Hydrogel “Affinity Trap” for microRNAs with a Self-Assembling Fluorescent “Split-Probe” to Monitor Their Expression and Degradation

The hydrogel "affinity trap" engineered here from peptides and nucleic acids into dynamic supramolecular structures offered the opportunity to measure physiological concentrations of tissue-specific microRNA expression and degradation, which are symptomatic for diseased cells and tissues. Hydrogel size-discriminating properties allowed to segregate microRNAs from complex biological media into a hydrogel matrix and entrap the target sequence via hybridization with a hydrogel-immobilized "capture" probe, where it could be detected through fluorescence quenching.

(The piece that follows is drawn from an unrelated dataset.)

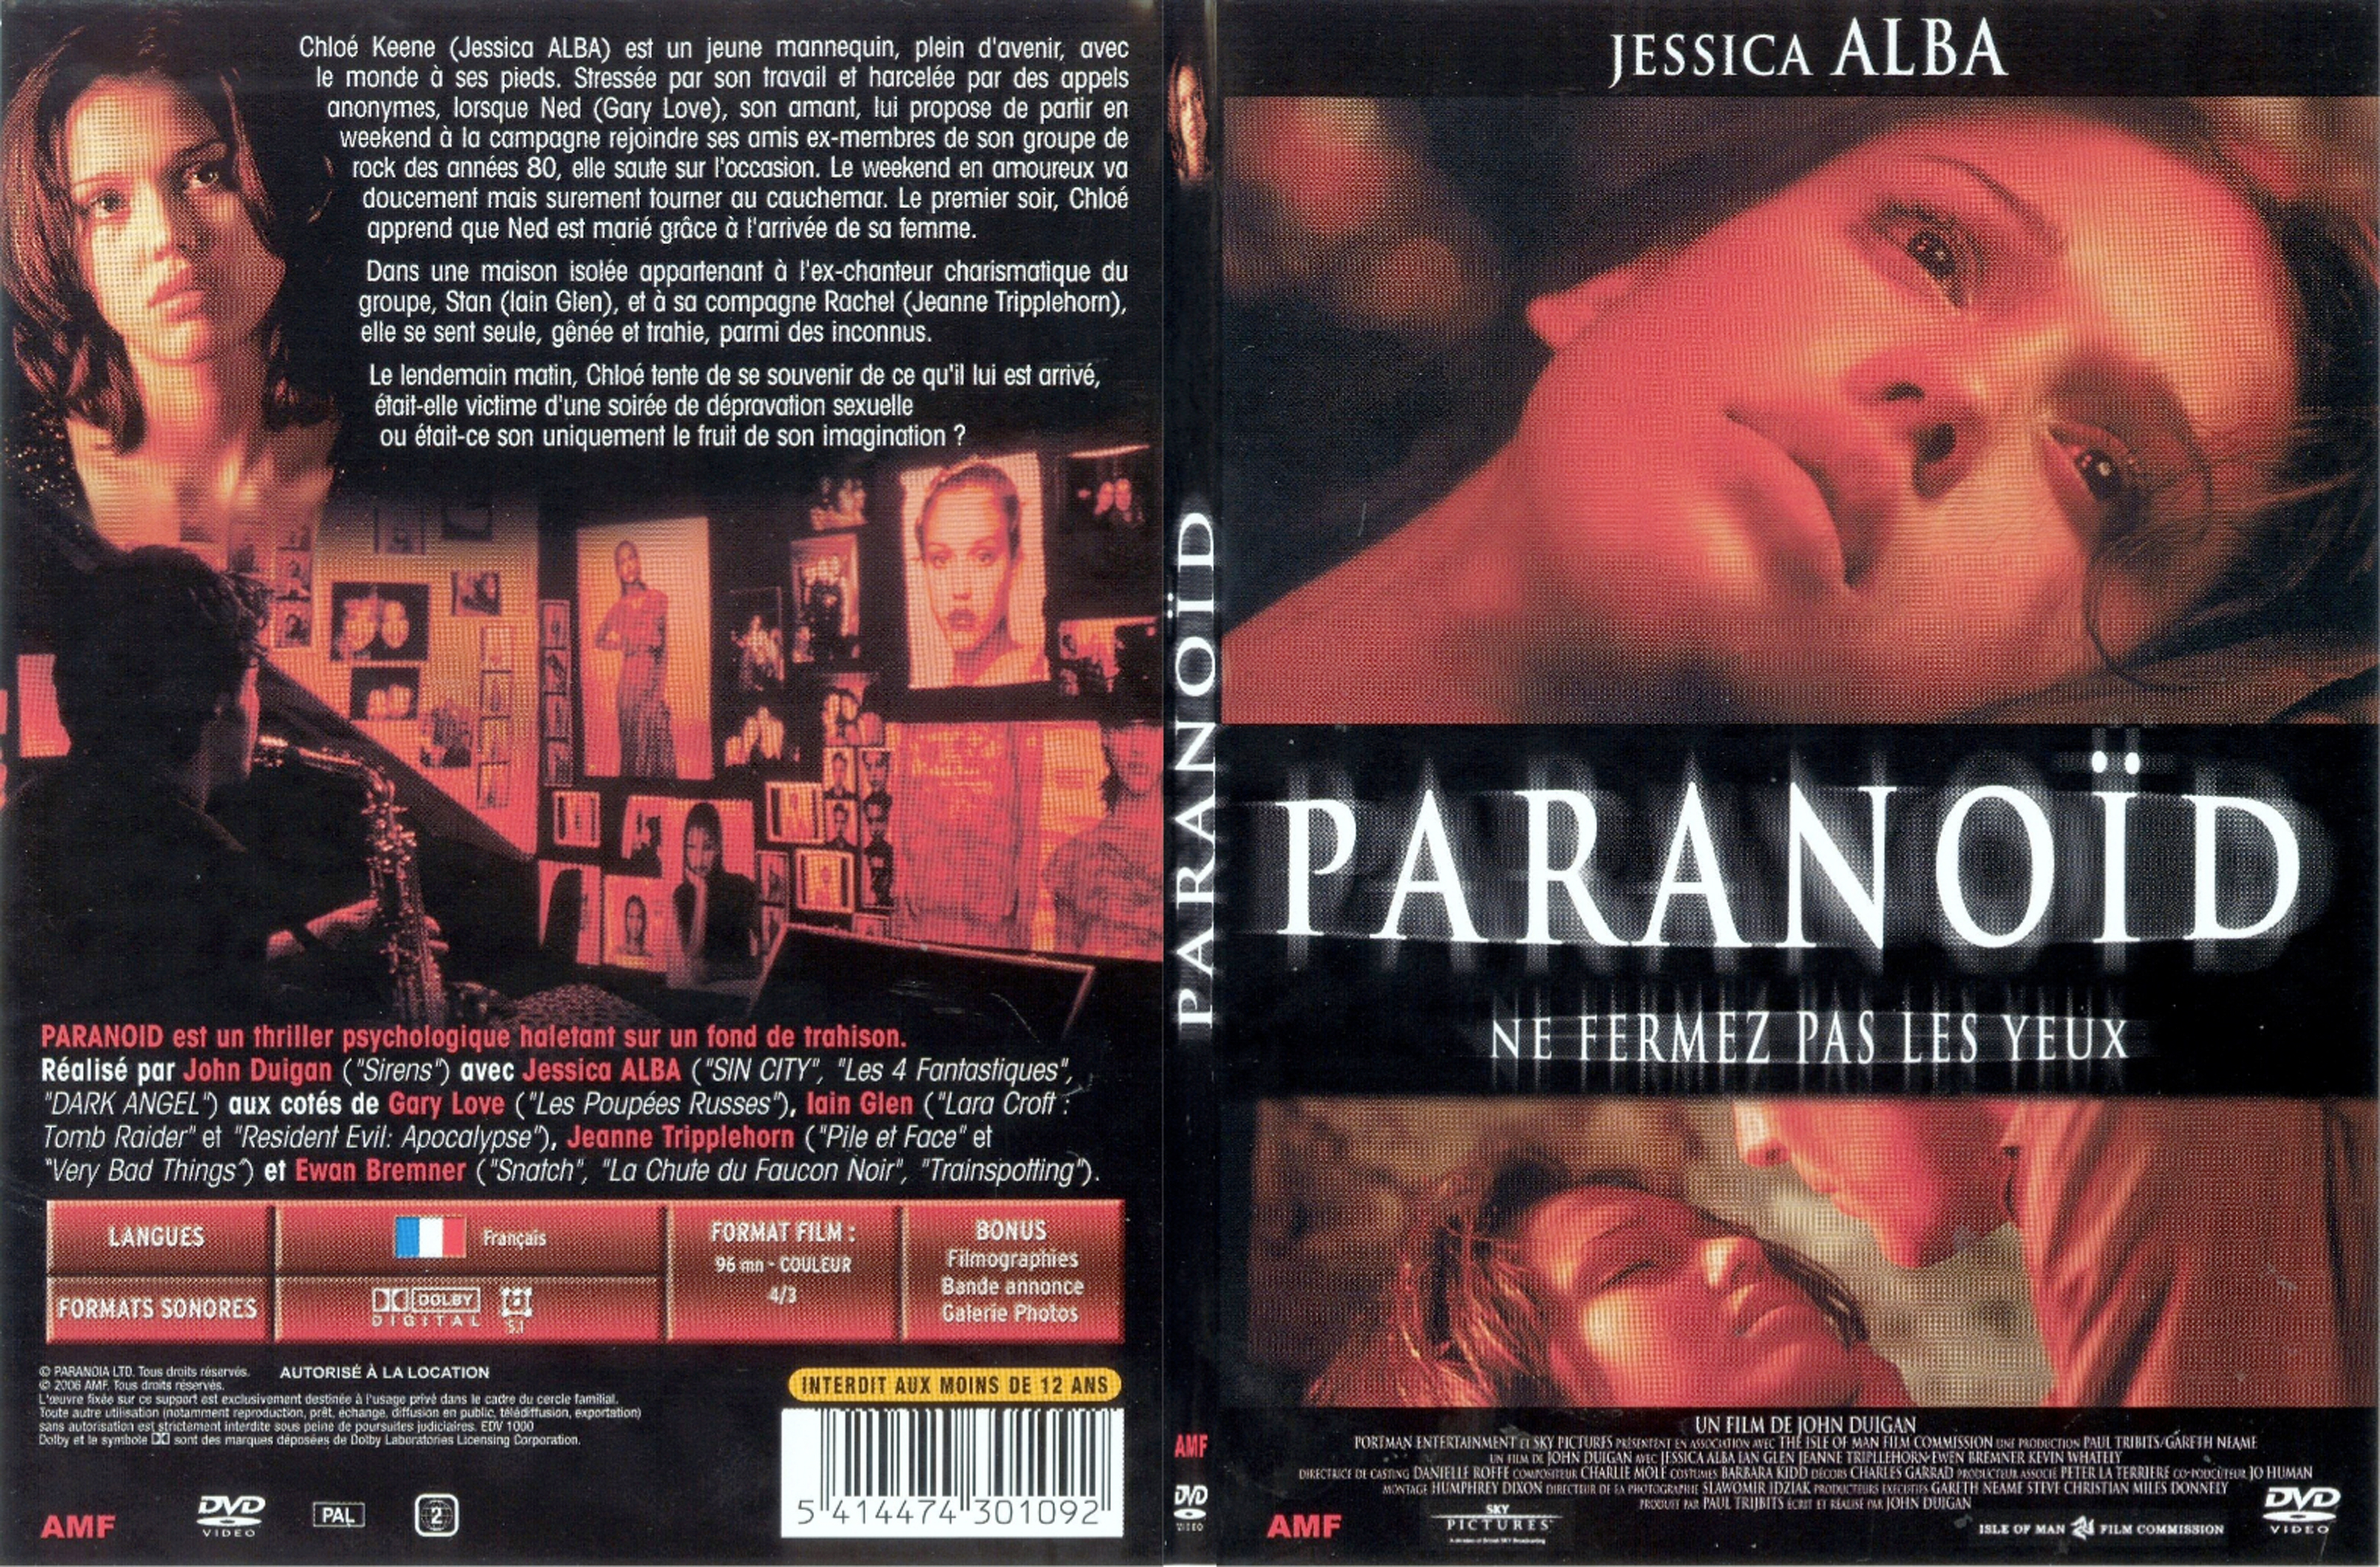 Jaquette DVD Paranoid (Jessica Alba) - SLIM

We demonstrated the size-selective permeability of the hydrogel that provided a protective microenvironment for microRNAs and detection probes from cellular biological interference and afforded selective self-assembly and detection of oncogenic microRNA-21 (miR-21) in the presence of cell extracts, which is otherwise detrimental for detection in a gel-free solution. We were also able to monitor the degradation of unlabeled miR-21 by natural (RNase A and H) and synthetic (miR-21-RNase) ribonucleases and their synergistic actions, which could be potentially useful in the therapeutic knockdown of pathogenic RNAs.